Though the product lines vary, the five have in common two crucial threads--size and sector.
Even the largest firm in the group, Vertel, with a market cap of $544 million, still qualifies as a small-cap company. (That term generally applies to firms with a market capitalization of under $1.5 billion.)
And each has at least some tentacles in tech.
"Up until the last couple of days, that's been a good combination," said Peter Sidoti, chief executive of Sidoti & Co., a New York-based small-cap research firm.
Small-caps are "very much coming back into favor. They're coming back with a flurry," he added. "It's amazing how quickly Wall Street can turn on a dime."
It's been a particularly wild ride for Interscience, which emerged from a Chapter 11 reorganization just over a year ago.
"Six, seven, eight months ago, we were trading at 56 cents," said Stephen Crosson, chief operating officer and treasurer of the company, which was incorporated in 1983 as a hardware sales and maintenance concern. The stock, which trades over the counter, was unchanged Monday at $7.63.
Despite Monday's drubbing of the tech-heavy Nasdaq, which shed 349 points for its biggest point drop ever, Crosson said he's not nervous.
"To be honest, no, we're not," said Crosson. "The products we have in development are going to fit in nicely with the needs that people have.
"So the temporary changes in the market right now--or whether or not people are getting nervous about tech--we don't feel that in the longer term that's going to effect us."
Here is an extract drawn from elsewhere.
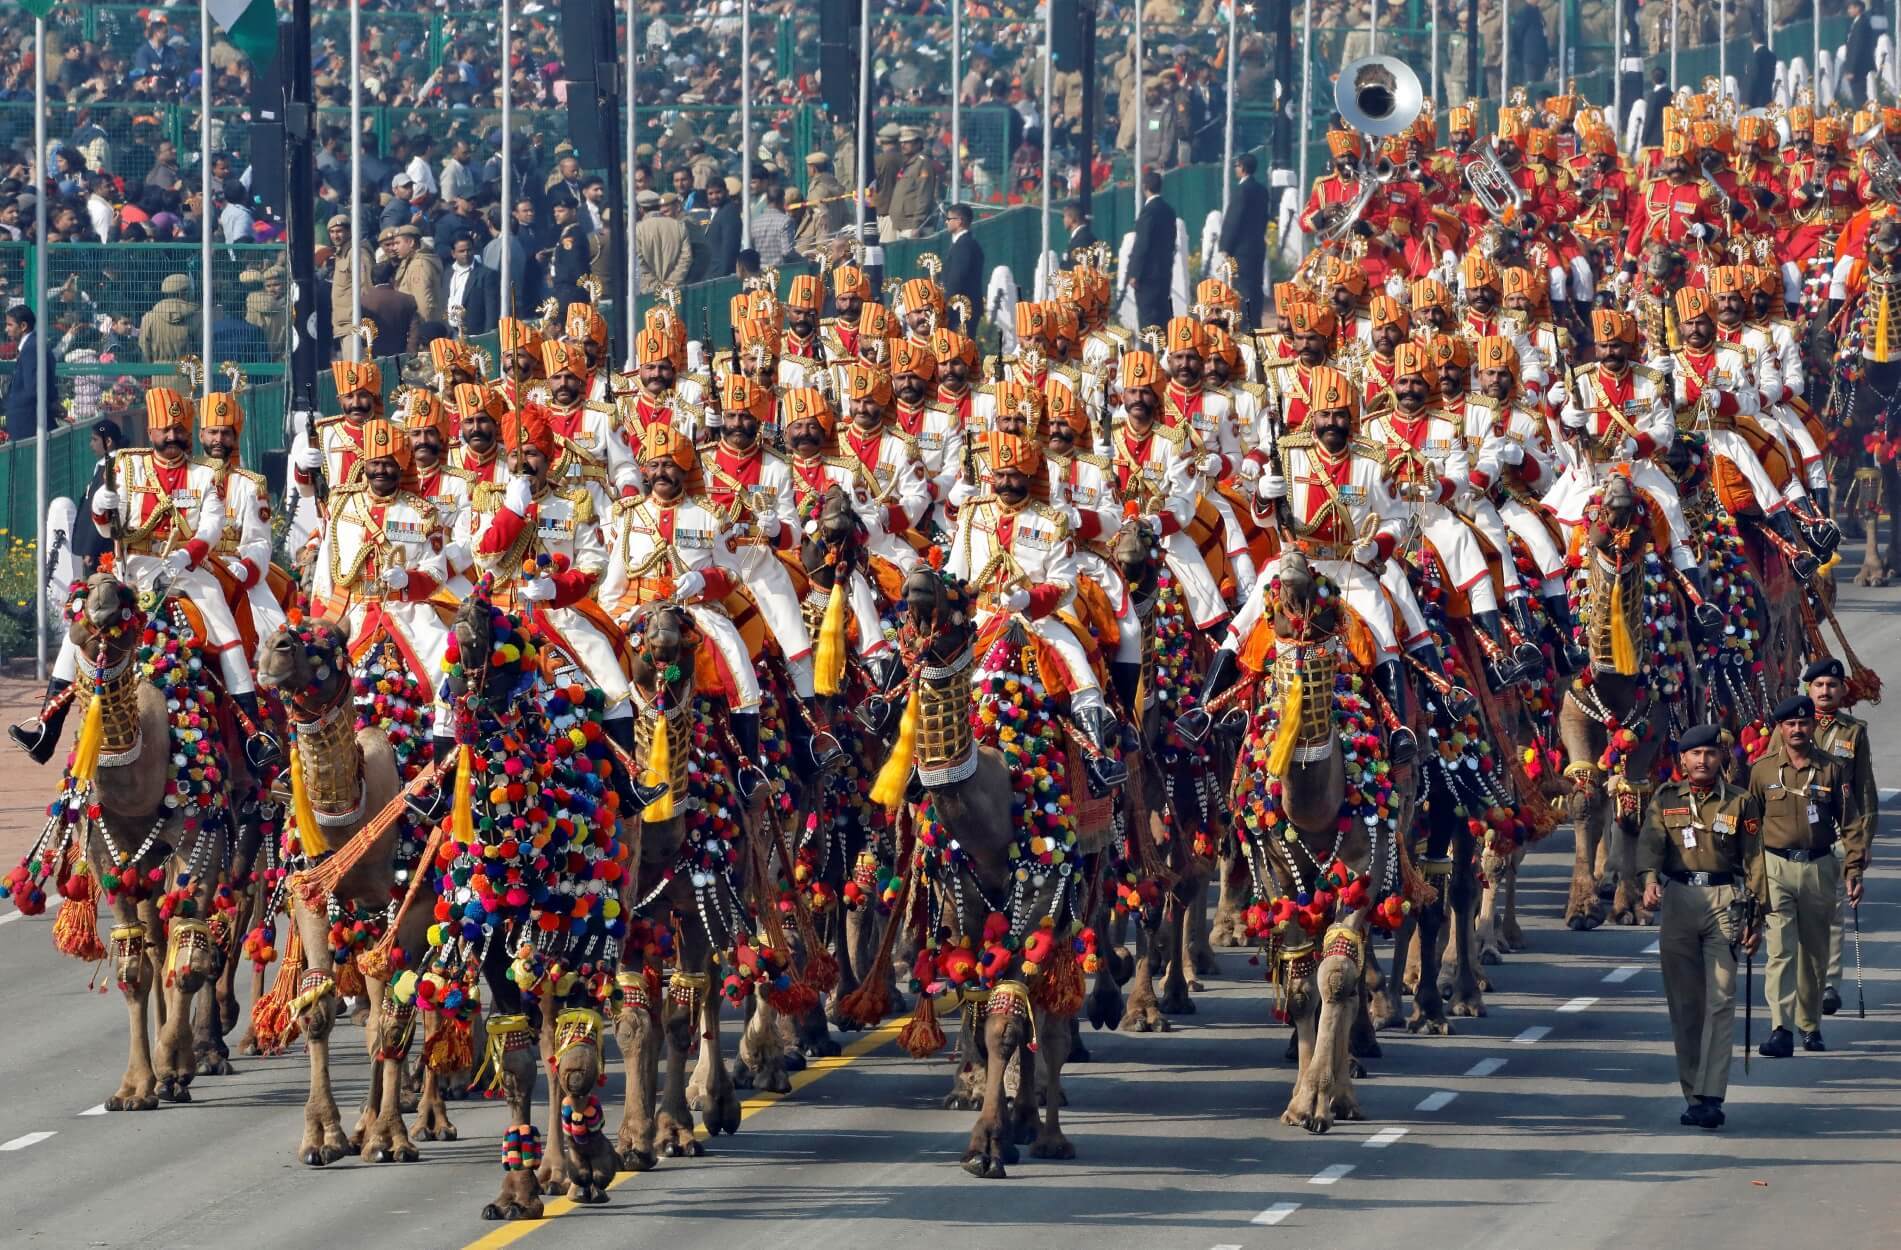 Ινδία: Άρματα μάχης, μηχανάκια και καμήλες στη μεγάλη στρατιωτική παρέλαση

The five Valley companies that suffered the largest drop in share price form an odd mix of health care and consumer goods with a smattering of high-tech thrown in.
"I see zero correlation between those five companies," said Emily Straw, senior associate at investment firm Wilshire Associates, who reviewed the list of firms for The Times.
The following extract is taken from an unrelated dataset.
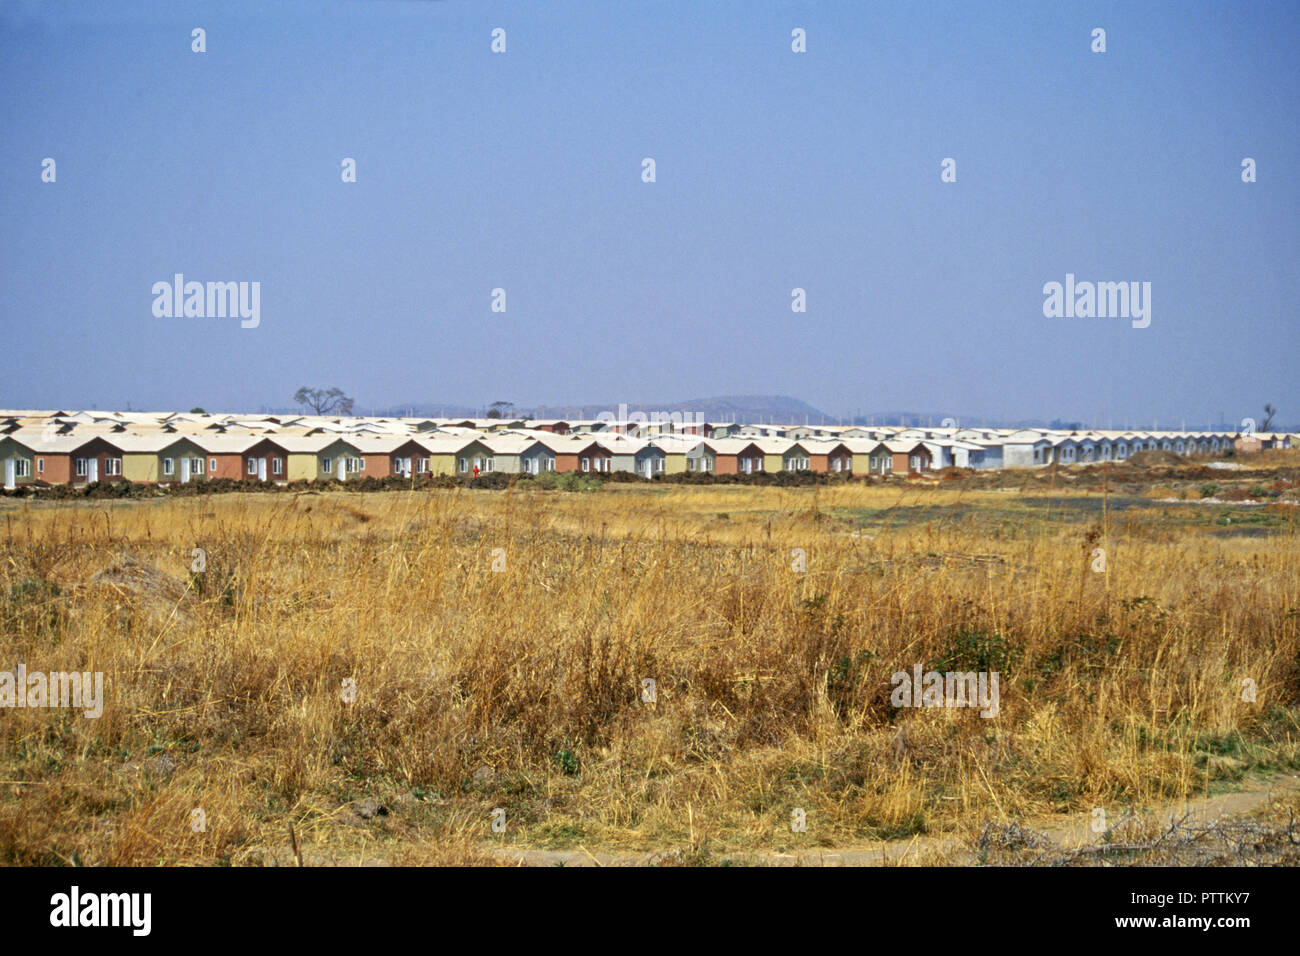 Un service haute densité de logements, Harare, Zimbabwe Banque D'Images

The firms that posted the largest drops were:
* Chatsworth-based Natrol Inc., which makes and markets branded dietary supplements, including vitamins, minerals, and herbal products. Natrol lost 26.78%, to post the greatest loss of the quarter. In February, the company was downgraded to "buy" from "strong buy" by analyst Yudhi Bahl at U.S. Bancorp Piper Jaffray.
* Calabasas-based THQ Inc., which lost 22.91%. THQ develops, publishes and distributes interactive entertainment for several game platforms. The stock closed Monday at $17.94, a step drop from last fall, when it was trading in the $40 range.
* Highland Federal Bank, part of Burbank-based Highland Bancorp Inc., which lost 21.05% for the quarter. For 1999, the company posted net earnings of $10.04 million, or $2.25 per diluted share, compared with net earnings of $8.59 million, or $1.80 per diluted share for 1998.
* K-Swiss Inc., which gave up 20.27%. In January, the company was downgraded to "accumulate" from "buy" by analyst John J. Shanley at First Security Van Kasper. The 12- to 18-month target price was set at $25 per share--more than $10 higher than Monday's closing price of $14.50 and less than half of the $59.81 the
company hit last May.
* Foundation Health Systems Inc., which lost 19.50%. The Woodland Hills-based health insurer reported a 45% jump in fourth-quarter earnings to $37.4 million, or 31 cents a share, a penny better than forecasts.
While failing to detect a pattern, Straw did note that some of the companies saw share price drops while also posting earnings growth.
"You have 'positive' earnings companies with very strong fundamentals that are being beat up, by this marketplace or being ignored," Straw said.
But she said given market activity in March, and the resurging interest in Blue Chips, some stalwart Valley firms may fare better in the months ahead.
"The value companies have come back in favor," she said. "And the fundamentals are beginning to be recognized again."